START Supplied material

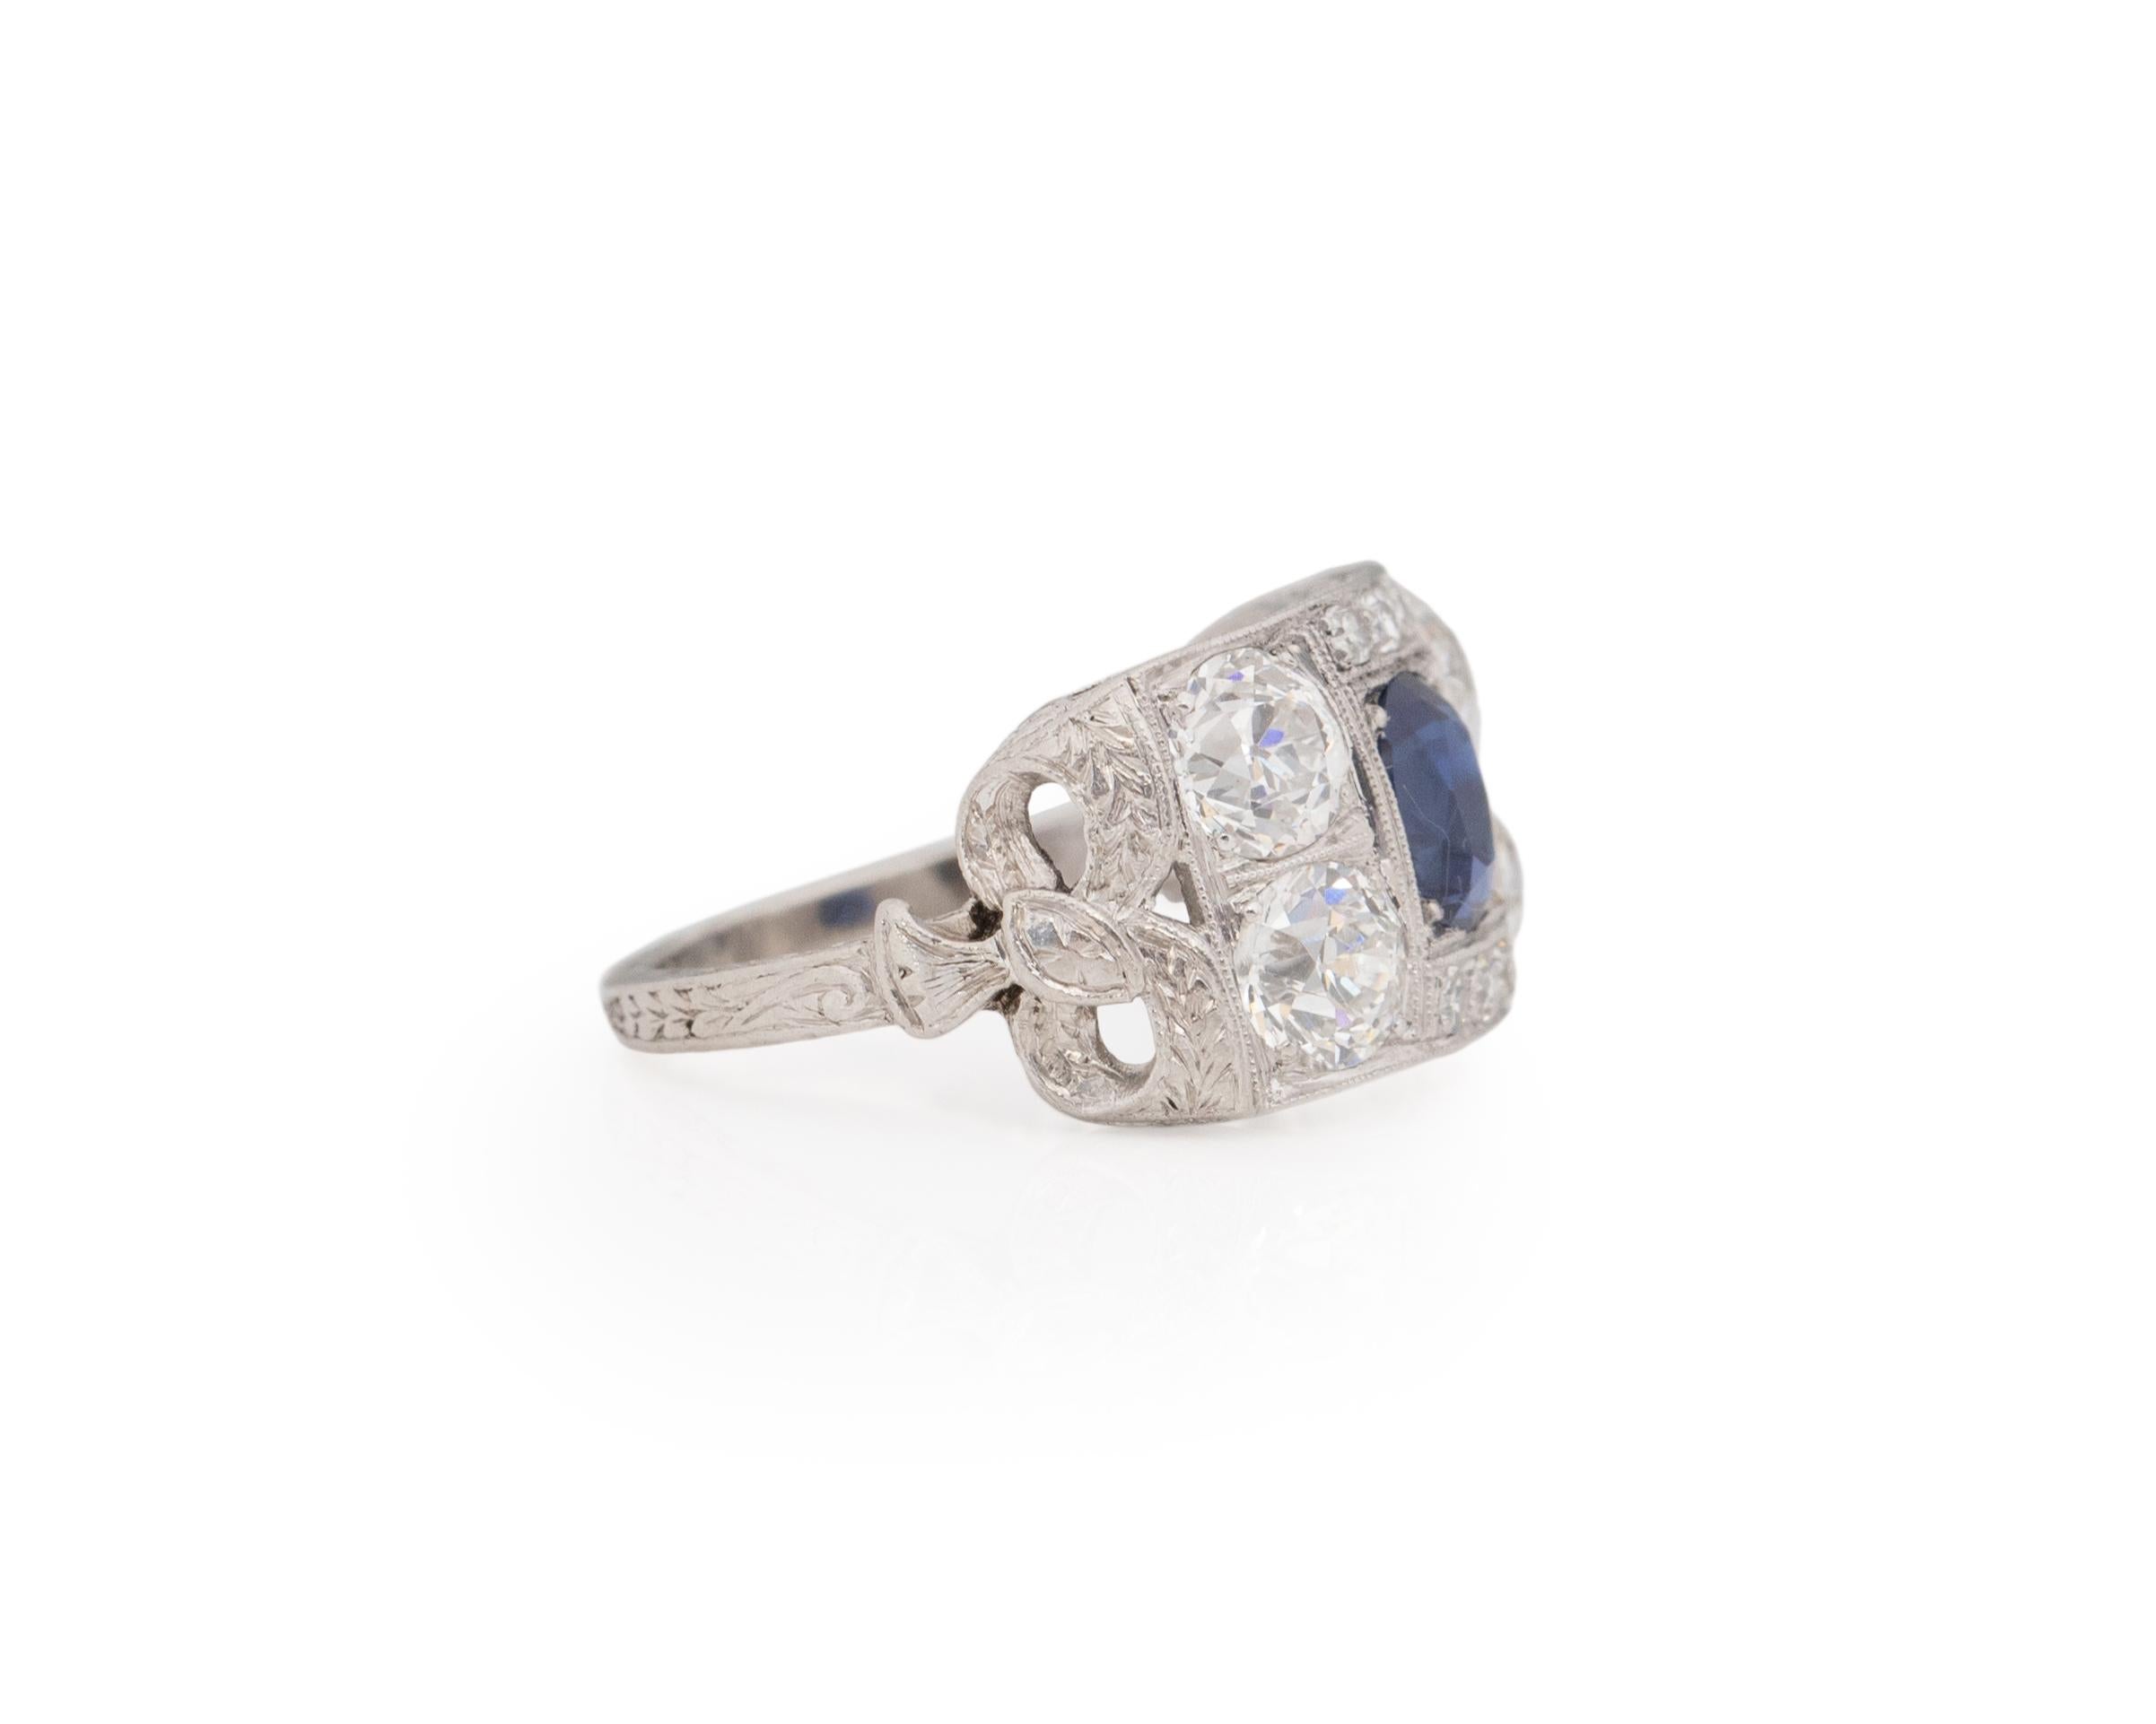 Ring Size: 4.75
Metal Type: Platinum  [Hallmarked, and Tested]
Weight:  5.3grams

Center Diamond Details:
GIA LAB REPORT #: 6227725604
Weight: 1.14ct
Cut: Antique Cushion
Color: Blue
Clarity: VS
Measurements: 6.07mm x 5.32mm x 3.78mm 

Finger to Top

END Supplied material

**Task objective:**
The answer must be the line containing "GIA LAB REPORT #: 6227725604" and every line after it to the end of the records, repeated exactly.

**Finished task:**
GIA LAB REPORT #: 6227725604
Weight: 1.14ct
Cut: Antique Cushion
Color: Blue
Clarity: VS
Measurements: 6.07mm x 5.32mm x 3.78mm 

Finger to Top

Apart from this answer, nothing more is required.